Children and young people's rights groups have called for a change in the law to end the recruitment of 16 and 17-year-olds into the UK armed forces. No other country in NATO, the EU or the four other permanent members of the United Nations Security Council recruits 16-year-olds.
The Coalition to Stop the Use of Child Soldiers, together with War Child, UNICEF UK, the Children’s Society, and the Children’s Rights Alliance for England are calling for the Armed Forces Bill to be amended to end the “outdated practice” of recruiting soldiers aged under 18. Amnesty International UK and the United Nations Association have also given their backing to the call.

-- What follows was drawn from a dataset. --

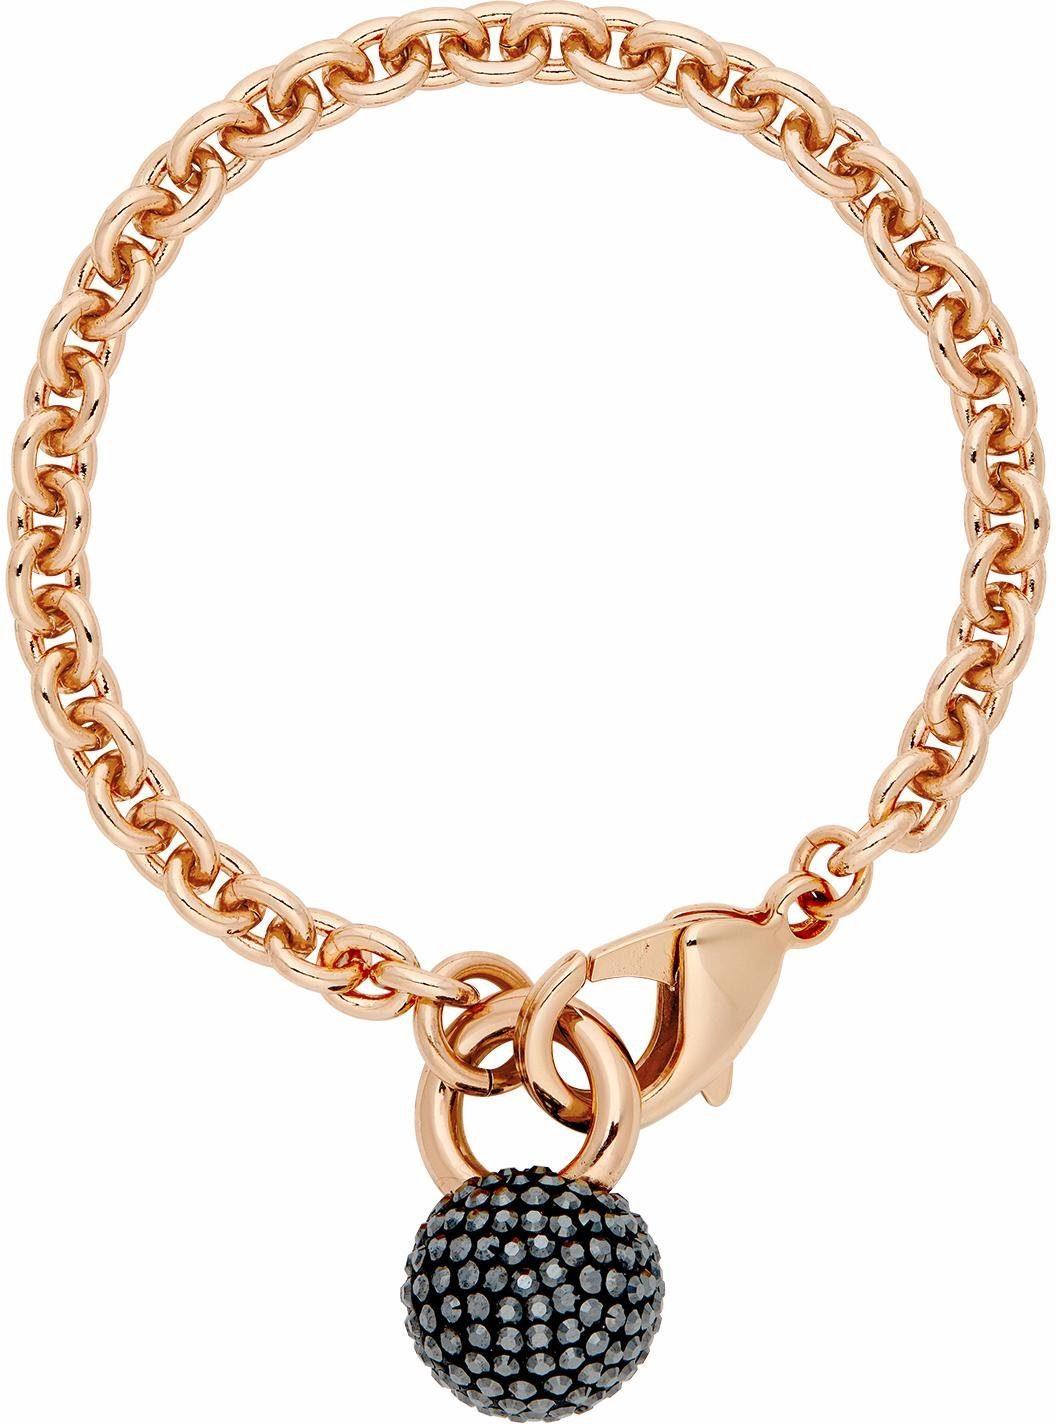 Lolaandgrace Armband »RIO CHAIN BRACELET, 5251830« mit Swarovski® Kristallen

The second reading of the bill took place in the House of Commons earlier this week, but in a five-hour debate not a single MP deemed this issue worthy of comment. Indeed, one MP, Mark Menzies (Conservative, Fylde), stressed the importance “of getting the Army into schools and of engaging with young people at a young age”. He added “It would be a great shame if, as a result of union activity or the activity of other people who have an axe to grind, we stopped allowing our armed forces into our schools to engage with young people”.
With seemingly little support within parliament for reform, the Defence Secretary Liam Fox and the Ministry of Defence are resisting the outside pressure to raise the age of recruitment to 18.
The UK is one of a diminishing number of countries that still recruit under-18s into the armed forces, and one of fewer than 20 countries which recruit from the age of 16. Other countries recruiting from this age include Iran, North Korea and Zimbabwe. The bill will next be considered by a select committee and then subject to a third hearing in parliament later this year.